** Material shown follows **

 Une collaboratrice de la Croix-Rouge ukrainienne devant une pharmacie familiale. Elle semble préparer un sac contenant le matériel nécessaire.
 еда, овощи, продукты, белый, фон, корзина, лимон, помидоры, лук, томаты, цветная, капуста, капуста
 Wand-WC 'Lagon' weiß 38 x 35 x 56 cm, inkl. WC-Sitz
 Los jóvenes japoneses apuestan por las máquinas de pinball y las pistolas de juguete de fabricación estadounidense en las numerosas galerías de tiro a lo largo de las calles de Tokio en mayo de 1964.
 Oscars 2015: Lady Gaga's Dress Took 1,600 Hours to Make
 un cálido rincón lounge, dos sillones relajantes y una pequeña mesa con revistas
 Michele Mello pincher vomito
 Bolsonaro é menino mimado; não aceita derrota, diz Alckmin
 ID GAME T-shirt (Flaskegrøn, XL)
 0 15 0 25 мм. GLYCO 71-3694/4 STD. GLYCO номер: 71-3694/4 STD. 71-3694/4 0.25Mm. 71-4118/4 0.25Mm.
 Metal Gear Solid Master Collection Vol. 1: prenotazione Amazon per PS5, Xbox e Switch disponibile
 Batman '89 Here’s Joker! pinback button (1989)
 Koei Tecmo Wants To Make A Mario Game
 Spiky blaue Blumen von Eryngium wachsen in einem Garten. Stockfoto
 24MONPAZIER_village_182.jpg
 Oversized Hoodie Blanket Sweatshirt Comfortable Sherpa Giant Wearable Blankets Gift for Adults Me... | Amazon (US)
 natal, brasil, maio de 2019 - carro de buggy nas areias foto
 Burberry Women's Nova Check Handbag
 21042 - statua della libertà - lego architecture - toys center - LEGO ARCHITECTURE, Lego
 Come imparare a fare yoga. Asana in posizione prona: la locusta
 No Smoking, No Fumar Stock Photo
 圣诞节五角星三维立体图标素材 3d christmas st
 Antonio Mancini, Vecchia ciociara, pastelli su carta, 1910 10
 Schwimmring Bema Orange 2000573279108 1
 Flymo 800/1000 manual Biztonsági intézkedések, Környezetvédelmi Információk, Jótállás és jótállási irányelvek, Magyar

** End of Material shown **

Above are the records; copy every line in them that holds the word "Make".

■ **Expected output**
 Oscars 2015: Lady Gaga's Dress Took 1,600 Hours to Make
 Koei Tecmo Wants To Make A Mario Game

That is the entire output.